I Built A Serverless AirBnB-Styled App For Garages — Here’s What Happened
Uriel Bitton
AWS Cloud Engineer | The DynamoDB guy | AWS Certified | I help you supercharge your DynamoDB database ????
?? Hello there! Welcome to The Serverless Spotlight!
The Story
A couple of years ago I had this potentially great idea.
I wanted to build the “AirBnB of Garages”.
As the name implies the application idea was to allow users to rent out their driveways and garages by the hour or the day and make a little side income with it.
Like AirBnb, the idea would offer users mostly pure profit since owners don’t usually have charges on their garages and driveways.
I also noticed that many driveways in my city were usually empty during the day when home owners left for work.
I felt like I had a great idea! — people could make an income without it costing them any money.
I called it Rentage.
“Rentage is an app that lets people find driveways/garages to be used as parking spaces for their cars.”
I instantly dived into building the idea. As a software developer, I had zero costs to build and test the idea.
Little that I knew, it was set up for failure before it even started.
Why? I hadn’t done proper research on the idea before starting to build it…
The App
The web app started off as a simple homepage where users could see available driveways/garages in their area.
(I would have loved to show more actual UI from the app, but when it went offline I deleted the repository on Github)
When users clicked on an available driveway, they could see the details, space, hourly rate and exact location on the map, amongst other useful metadata.
Then, when they booked a driveway, they could choose the number of spots and hours they needed.
Once the booking was made, the owner would get an email notification with the details of the booking and could either accept or reject the request.
Once accepted the “guest” received a notification that they could park their vehicle in the designated spot in the driveway or garage.
The Tech Stack
I built the entire tech stack as fast as I could using serverless AWS services.
Here’s a general overview:
I had plans to introduce Amazon SQS and EventBridge once the app scaled — more on that later.
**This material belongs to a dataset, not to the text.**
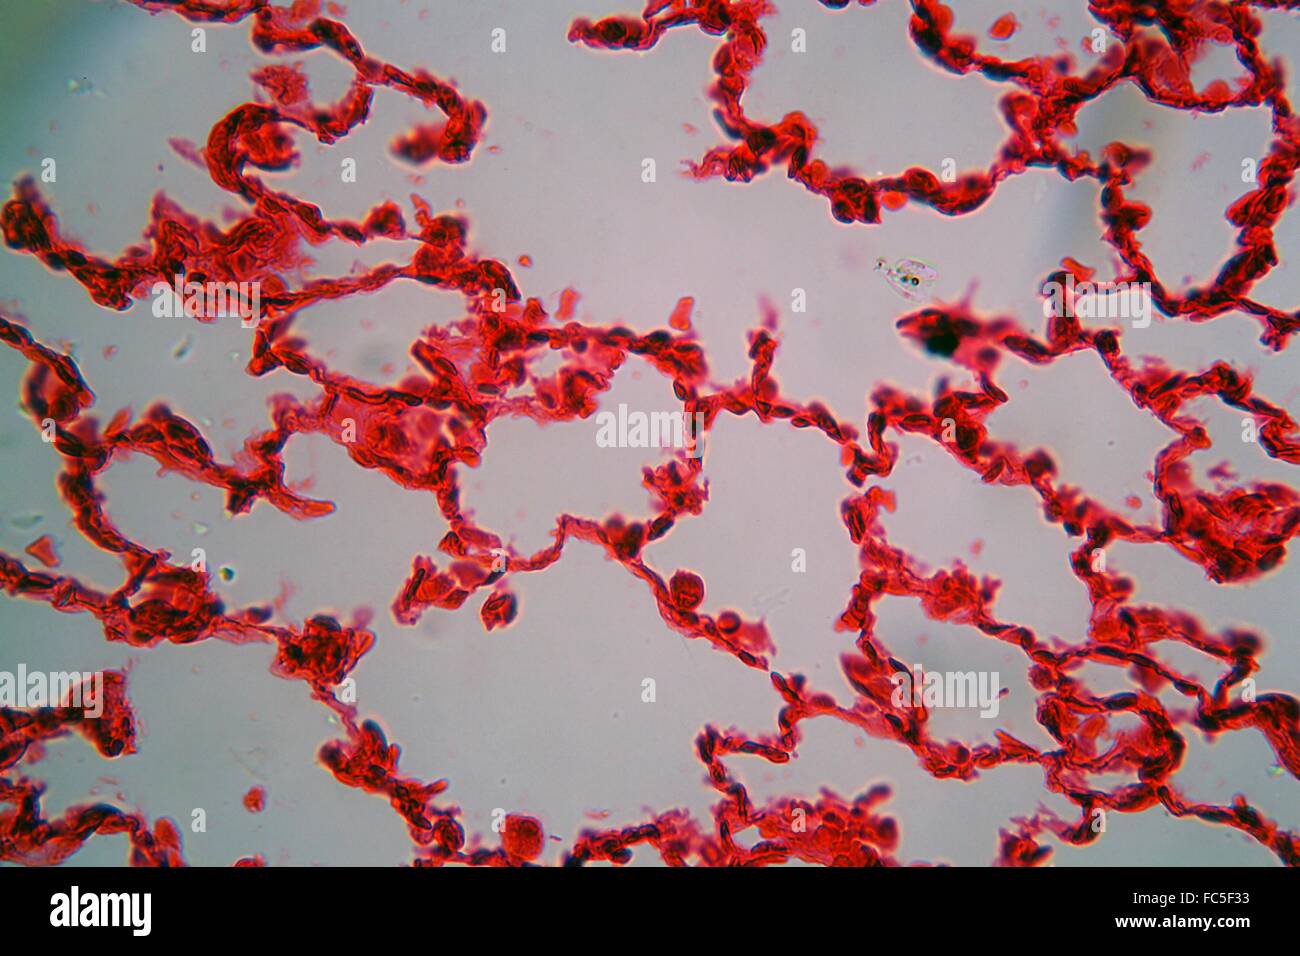 Lung cells under the microscope Stock Photo

The frontend was built with React JS and the main feature, the geolocation of users and driveways was built using Google Maps API.
Briefly put, when an owner added a new driveway to the app, the address would be converted to its latitude and longitude values and that was stored inside DynamoDB.
With some clever primary key design using these lat and lon values as a global secondary index values, users could query and discover all driveways in their vicinity.
The Issue
Everything on the development side was going well. I had completed the MVP version — a very lean app with very basic features.
Around this time I was speaking with other entrepreneurs on Y Combinator. I introduced myself saying I was building a cool new application to let driveway/garage owners rent out their spaces.
He answered: “that’s a great idea, in what city/country are you going to make this available”?
I responded, “in my hometown of course, in Montreal Canada. And then expand to other Canadian cities like Toronto and Ottawa”.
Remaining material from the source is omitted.